### What you should do
Please reproduce the listing verbatim, without its images.

### Available data
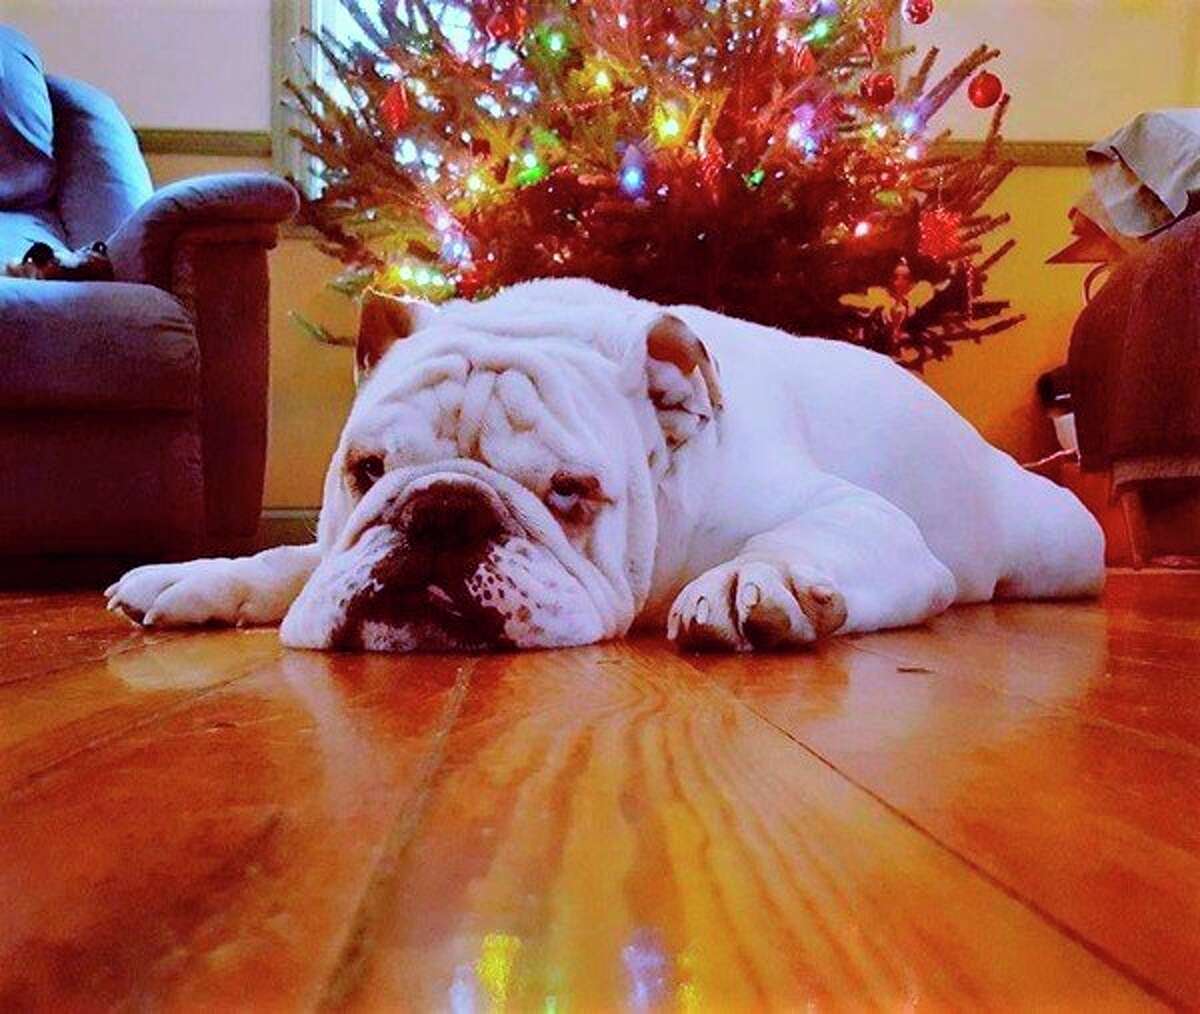 A bulldog feels festive as Christmas nears. (Courtesy photo)
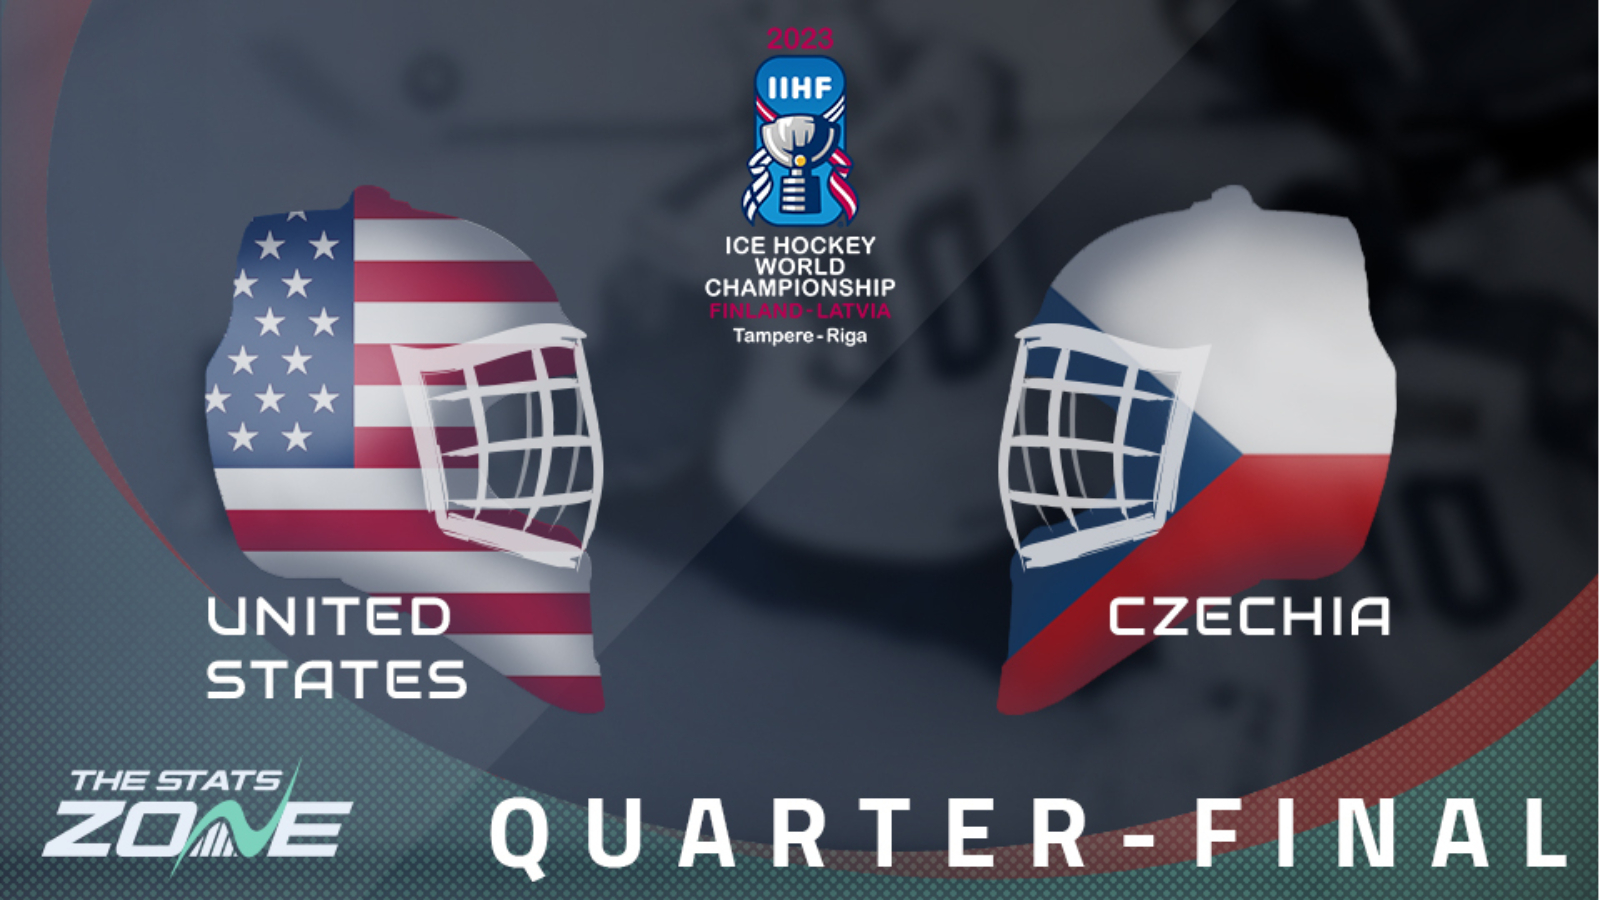 United States vs Czechia – Quarter-Final
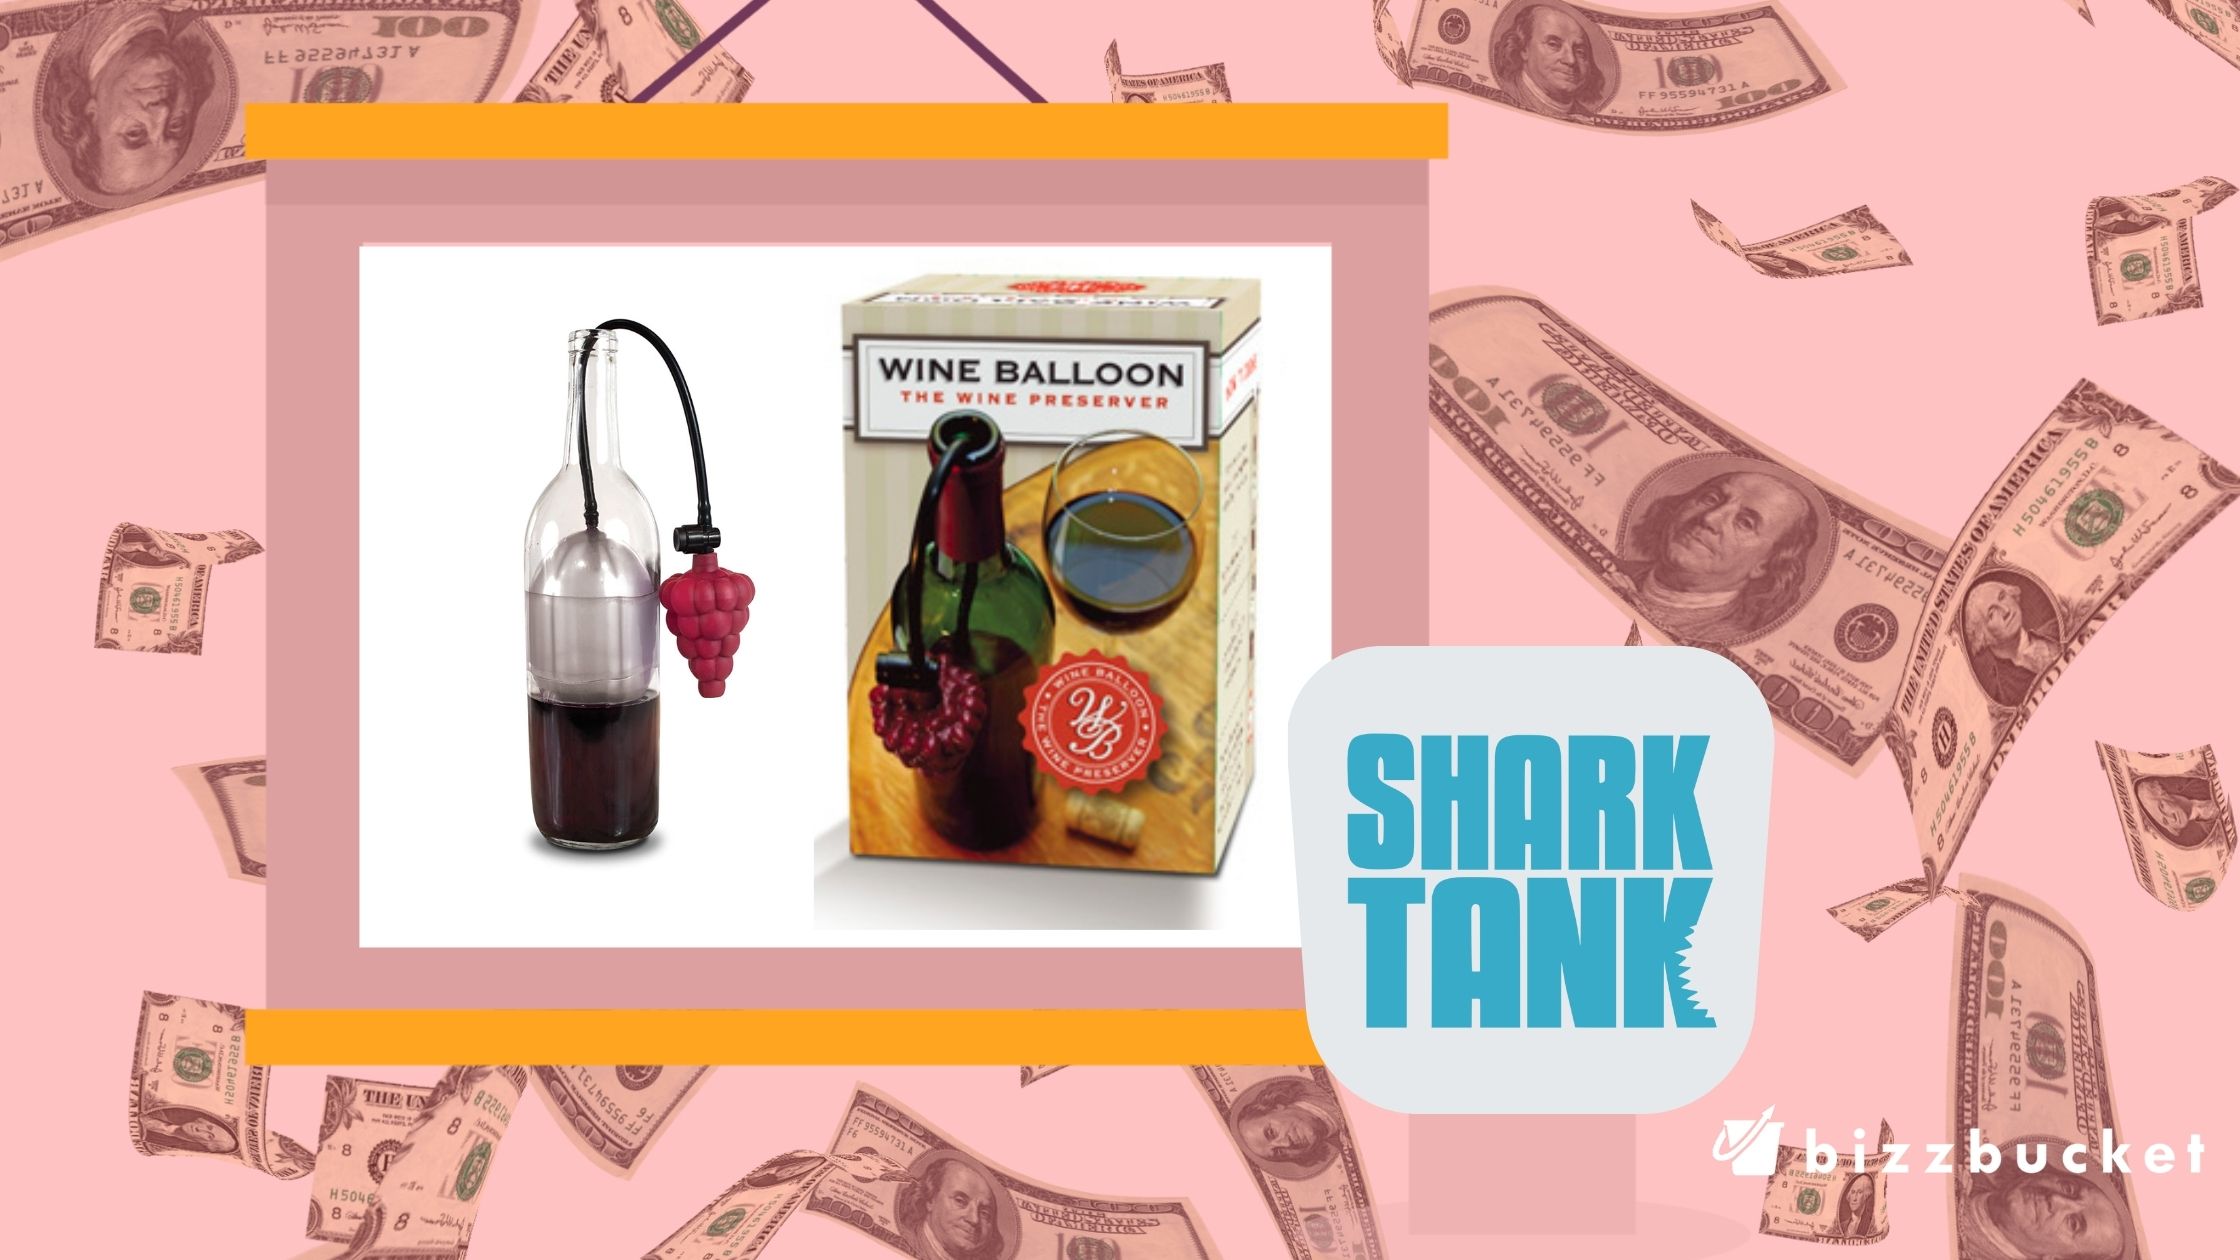 Wine Balloon shark tank update

### Written response
 A bulldog feels festive as Christmas nears. (Courtesy photo)
 United States vs Czechia – Quarter-Final
 Wine Balloon shark tank update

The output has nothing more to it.